Hot air ballooning in Luxor is an aspect of the Egyptian tourist industry. Tour companies offer sunrise rides in hot-air balloons to tourists who enjoy views of ancient Thebes, the temple complexes of Karnak and Luxor, the Valley of the Kings and the Valley of the Queens.

==History==
===Operations===
British company began offering hot-air balloon rides to tourists in Luxor in the early 1988. While the first Egyptian ballooning company was established in 1993.

The balloon rides are an important part of Egypt's tourism industry.

Following a 2009 crash, balloon flights at Luxor were suspended for six months while pilots were given additional training and safety measures were reviewed and improved.

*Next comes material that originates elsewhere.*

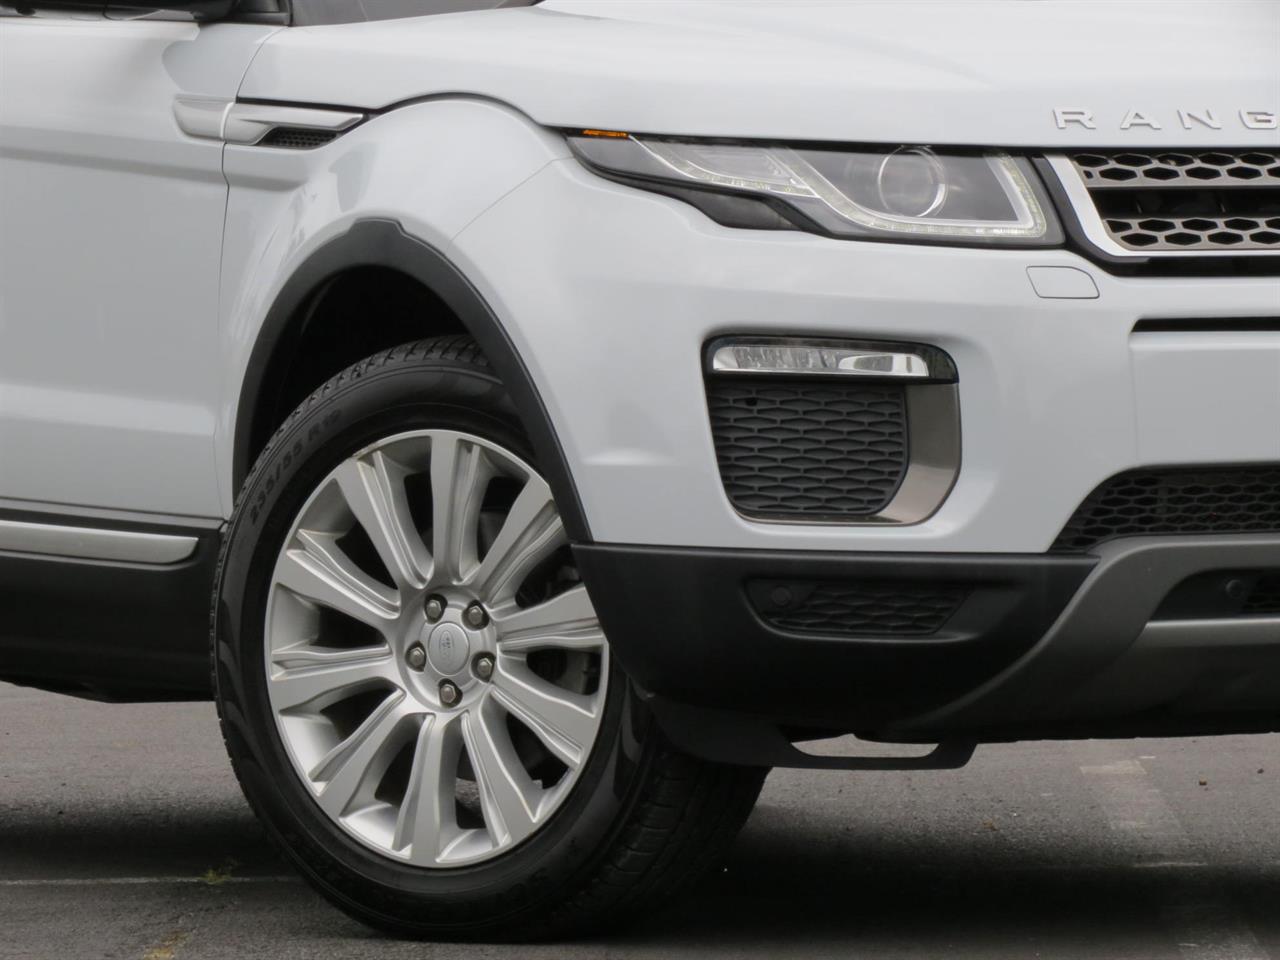 2016 Land Rover Range Rover Evoque only $127 weekly

New regulations limited the number of balloons that could be aloft simultaneously and restricted take-offs to a new airfield for the sole use of hot-air balloons.

As of January 2018, eight companies operate a combined total of 32 hot air balloons offering flights over Luxor.

=== Accidents and incidents ===
The overall safety record of hot air ballooning in Egypt is poor. Seven tourists were injured in a crash early in 2009. On a single day in February 2009, three separate hot air balloons crashed in different locations carrying a total of 60 tourists, resulting in injuries that included broken bones.

At Luxor, eight tourists were injured in 2007 when the balloon in which they were riding crash-landed in a field. Four Scottish tourists, were seriously injured in April 2008 when the balloon in which they were traveling crash-landed. Sixteen tourists were injured at Luxor in April 2009 when the balloon in which they were traveling is understood to have collided with a cell phone transmission tower.

The most serious accident was the 2013 Luxor hot air balloon crash, in which 19 people were killed when a leaking fuel line started a fire.

After 22 Chinese tourists were injured in a 2016 balloon crash, the Egyptian civil aviation authority suspended flights for three days while safety procedures were reviewed.

Twelve tourists were injured and one man from South Africa was killed in Luxor in 2018 when high winds caused a balloon's operator to lose control. Flights were suspended until the unusually high winds subsided.